Former railroad station in the Bronx, New York

The Westchester Avenue station is a former railroad station located in the Bronx in New York City, partially suspended over Amtrak's busy Northeast Corridor line. It was built in 1908 with rich terra cotta detailing to a design by Cass Gilbert, who would later employ similar terra cotta detailing in his 1910 design for the Woolworth Building. Train service to the station ceased in 1937, and as of 2022 the station was a ruin in poor condition.

The Westchester Avenue station is located just to the southeast of the intersection of Westchester Avenue and Sheridan Boulevard, in the Longwood section of the South Bronx. The Bronx River is a short distance to the east. The structure consists of a taller entry hall portion that stands on solid ground immediately to the west of the tracks, and a shorter waiting room section that is suspended over the tracks on metal beams. Formerly, this section had staircases that led down to low platforms at track level, but these were removed long ago. The entry hall portion has colorful glazed architectural terra cotta ornamentation, including a caduceus near the eaves, topped with the letters NYH. Though this seems to refer to the New York, New Haven and Hartford Railroad, the original builder of the station, the caduceus was also the symbol of the New York, Westchester and Boston Railway, a local commuter railroad that also served the station.

==Historic use==
The station was built in 1908 as part of the New York, New Haven and Hartford Railroad, which expanded its Harlem River Branch line into an electrified main line into New York. The railroad planned twelve new stations along the route to serve local commuters, and commissioned the architect Cass Gilbert to design them.
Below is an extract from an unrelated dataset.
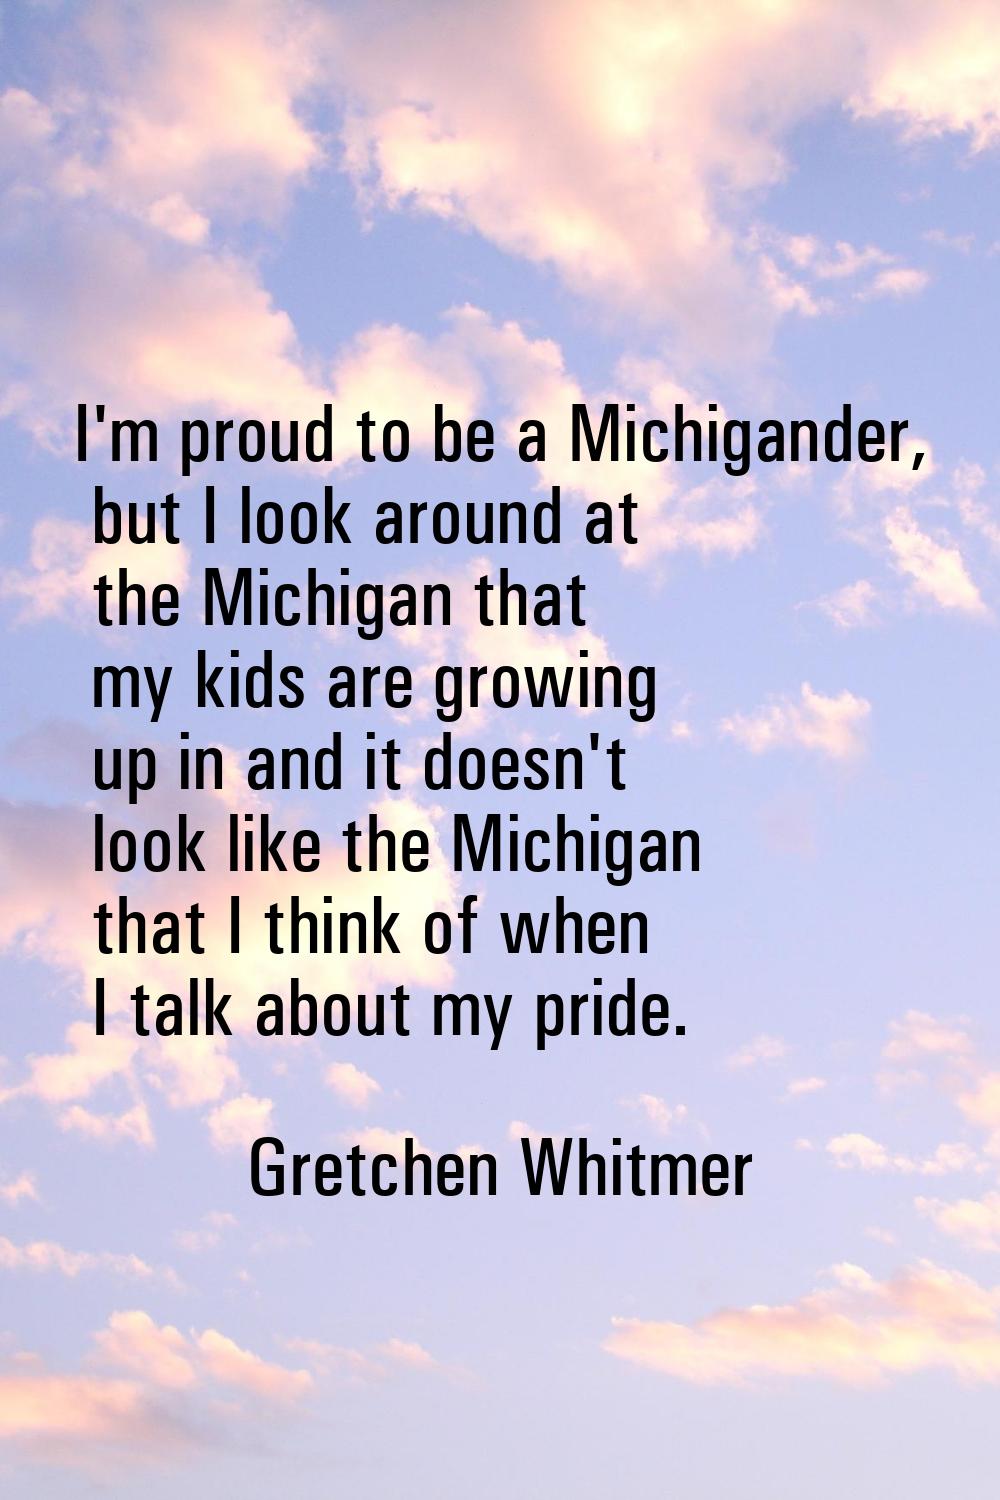 I'm proud to be a Michigander, but I look around at the Michigan that my kids are growing up in and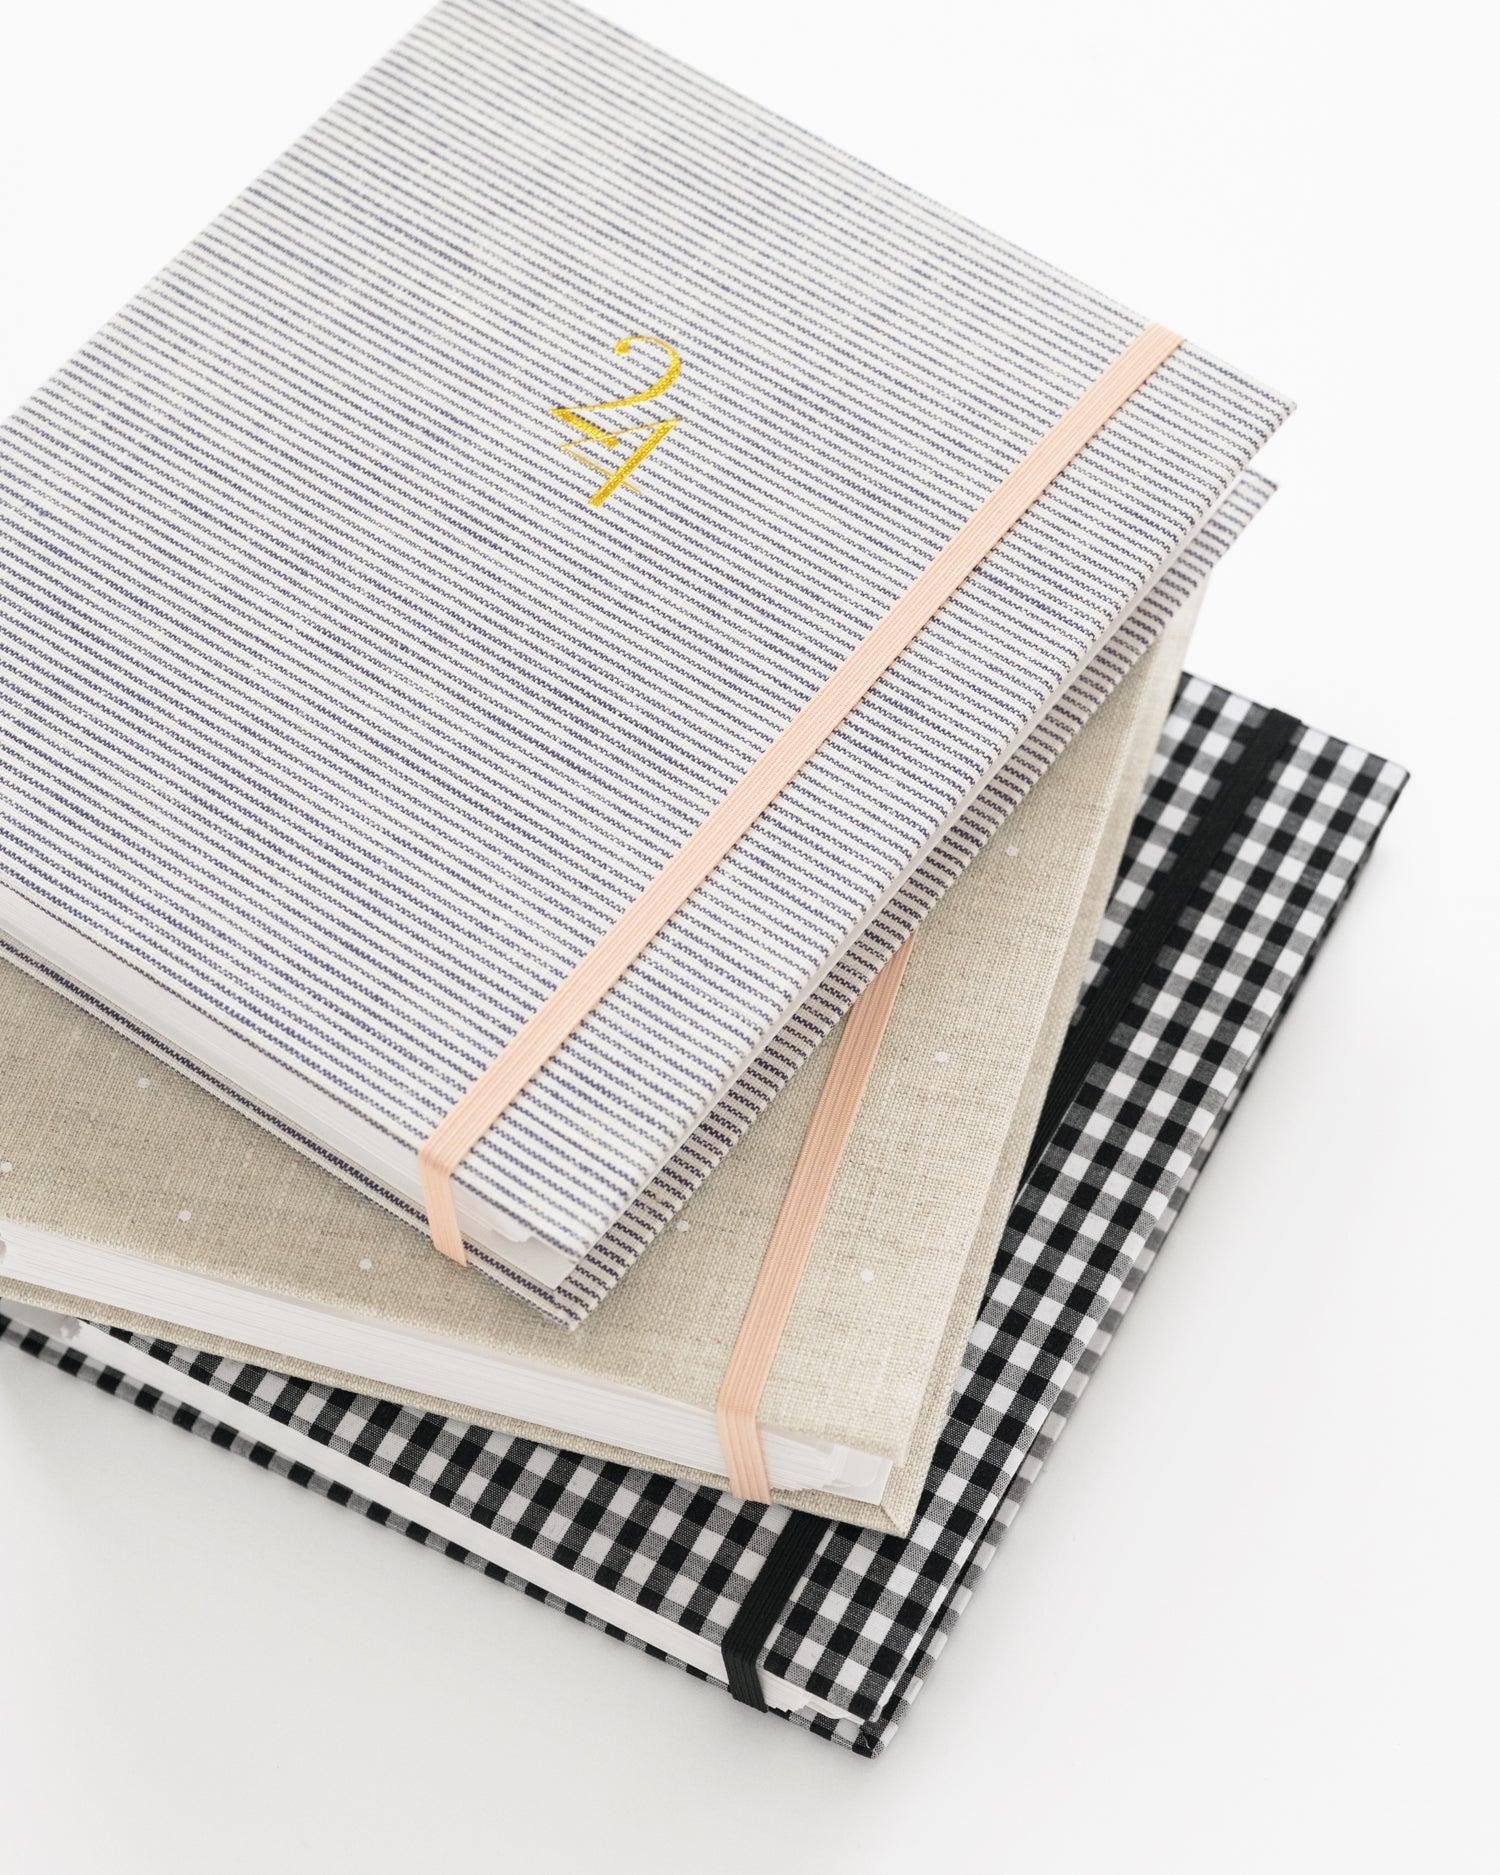 Stack of concealed planners with different fabrics

Gilbert, who was already renowned for having designed the U.S. Custom House in Lower Manhattan, produced plans for each of these in a number of different styles, though not all were actually built. For the station at Westchester Avenue, Gilbert chose a richly ornamented exterior with glazed terra cotta details and signage with gold colored metallic lettering. Gilbert would later incorporate glazed terra cotta details into his design for the Woolworth Building, which was completed in 1913.

The line became very active with intercity train service, and remains presently as part of the Northeast Corridor between Boston, Massachusetts and Washington, D.C. The line failed to attract local commuter traffic, however, particularly once the New York City Subway with its five-cent fare was extended to much of the area beginning in 1920, and the local stations along the route became uneconomical to maintain. New Haven trains stopped serving Westchester Avenue and other local stations in 1931, and all the stations were finally abandoned when the New York, Westchester and Boston ceased operations in 1937.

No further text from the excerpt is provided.